Back to Data Science Ipython Notebooks

scikit-learn-intro

scikit-learn/scikit-learn-intro.ipynb

latest4.0 KB
Original Source

scikit-learn-intro

Credits: Forked from PyCon 2015 Scikit-learn Tutorial by Jake VanderPlas

  • Machine Learning Models Cheat Sheet
  • Estimators
  • Introduction: Iris Dataset
  • K-Nearest Neighbors Classifier
python
%matplotlib inline
import numpy as np
import matplotlib.pyplot as plt
import seaborn; 
from sklearn.linear_model import LinearRegression
from scipy import stats
import pylab as pl

seaborn.set()

Machine Learning Models Cheat Sheet

python
from IPython.display import Image
Image("http://scikit-learn.org/dev/_static/ml_map.png", width=800)

Estimators

Given a scikit-learn estimator object named model, the following methods are available:

  • Available in all Estimators
    • model.fit() : fit training data. For supervised learning applications, this accepts two arguments: the data X and the labels y (e.g. model.fit(X, y)). For unsupervised learning applications, this accepts only a single argument, the data X (e.g. model.fit(X)).
  • Available in supervised estimators
    • model.predict() : given a trained model, predict the label of a new set of data. This method accepts one argument, the new data X_new (e.g. model.predict(X_new)), and returns the learned label for each object in the array.
    • model.predict_proba() : For classification problems, some estimators also provide this method, which returns the probability that a new observation has each categorical label. In this case, the label with the highest probability is returned by model.predict().
    • model.score() : for classification or regression problems, most (all?) estimators implement a score method. Scores are between 0 and 1, with a larger score indicating a better fit.
  • Available in unsupervised estimators
    • model.predict() : predict labels in clustering algorithms.
    • model.transform() : given an unsupervised model, transform new data into the new basis. This also accepts one argument X_new, and returns the new representation of the data based on the unsupervised model.
    • model.fit_transform() : some estimators implement this method, which more efficiently performs a fit and a transform on the same input data.
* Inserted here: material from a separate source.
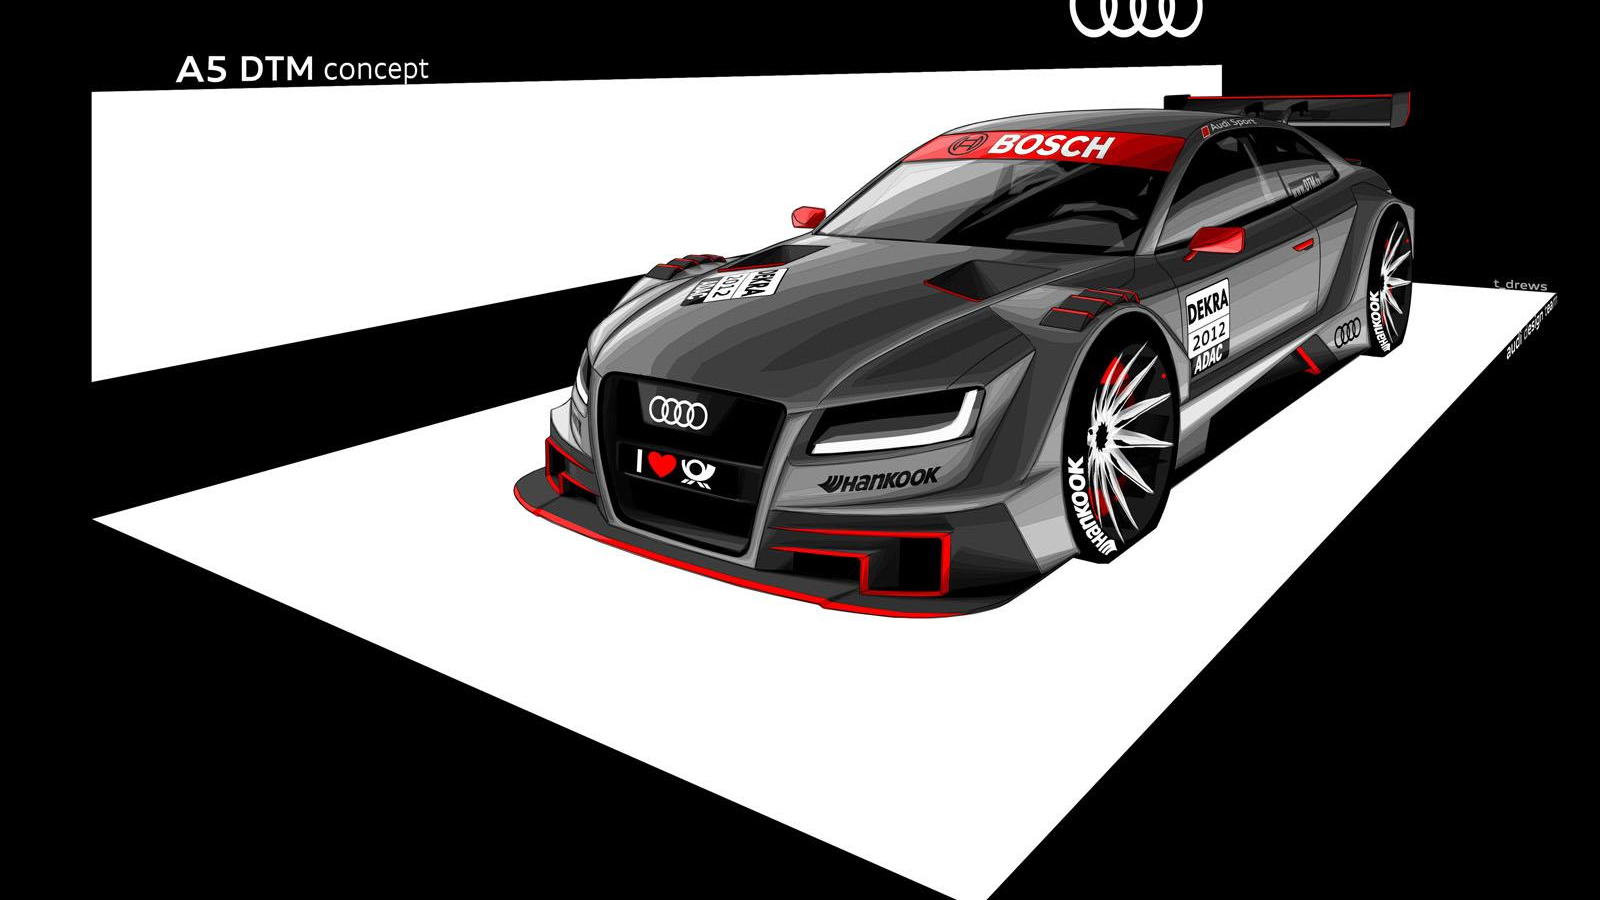 2012 Audi R17 A5 DTM race car preview sketch

Introduction: Iris Dataset

python
from sklearn.datasets import load_iris
iris = load_iris()

n_samples, n_features = iris.data.shape
print(iris.keys())
print((n_samples, n_features))
print(iris.data.shape)
print(iris.target.shape)
print(iris.target_names)
print(iris.feature_names)
python
import numpy as np
import matplotlib.pyplot as plt

# 'sepal width (cm)'
x_index = 1
# 'petal length (cm)'
y_index = 2

# this formatter will label the colorbar with the correct target names
formatter = plt.FuncFormatter(lambda i, *args: iris.target_names[int(i)])
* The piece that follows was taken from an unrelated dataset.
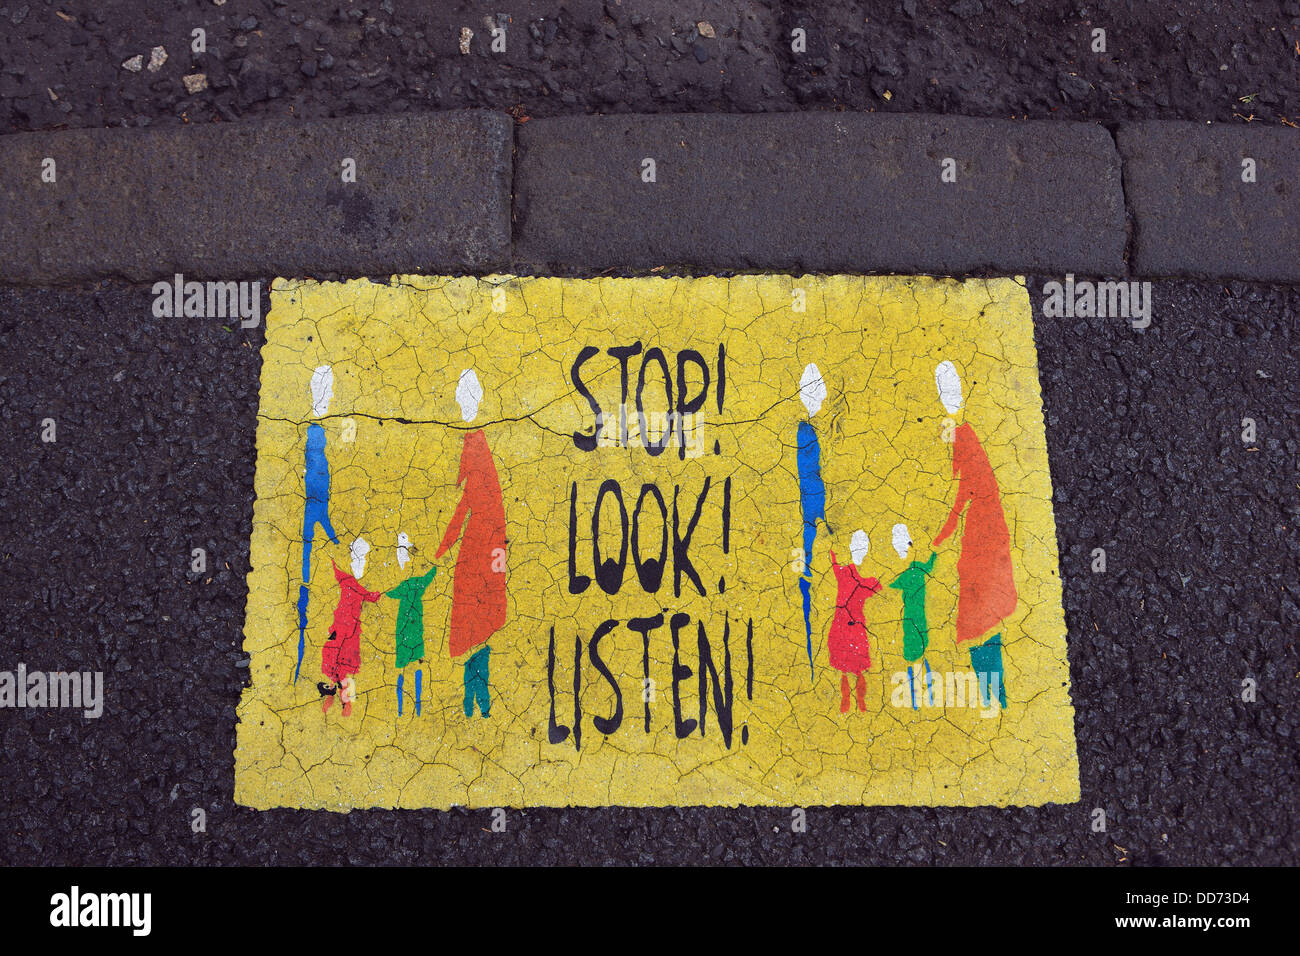 Smettere di guardare e ascoltare il segno, rivolto a bambini, sul marciapiede nel villaggio scozzese di Aberdour in Fife Scozia Scotland Foto Stock

plt.scatter(iris.data[:, x_index], iris.data[:, y_index],
            c=iris.target, cmap=plt.cm.get_cmap('RdYlBu', 3))
plt.colorbar(ticks=[0, 1, 2], format=formatter)
plt.clim(-0.5, 2.5)
plt.xlabel(iris.feature_names[x_index])
plt.ylabel(iris.feature_names[y_index]);

K-Nearest Neighbors Classifier

The K-Nearest Neighbors (KNN) algorithm is a method used for algorithm used for classification or for regression. In both cases, the input consists of the k closest training examples in the feature space. Given a new, unknown observation, look up which points have the closest features and assign the predominant class.

python
from sklearn import neighbors, datasets

iris = datasets.load_iris()
X, y = iris.data, iris.target

# create the model
knn = neighbors.KNeighborsClassifier(n_neighbors=5, weights='uniform')

# fit the model
knn.fit(X, y)

# What kind of iris has 3cm x 5cm sepal and 4cm x 2cm petal?
X_pred = [3, 5, 4, 2]
result = knn.predict([X_pred, ])

print(iris.target_names[result])
print(iris.target_names)
print(knn.predict_proba([X_pred, ]))

from fig_code import plot_iris_knn
plot_iris_knn()

Note we see overfitting in the K-Nearest Neighbors model above. We'll be addressing overfitting and model validation in a later notebook.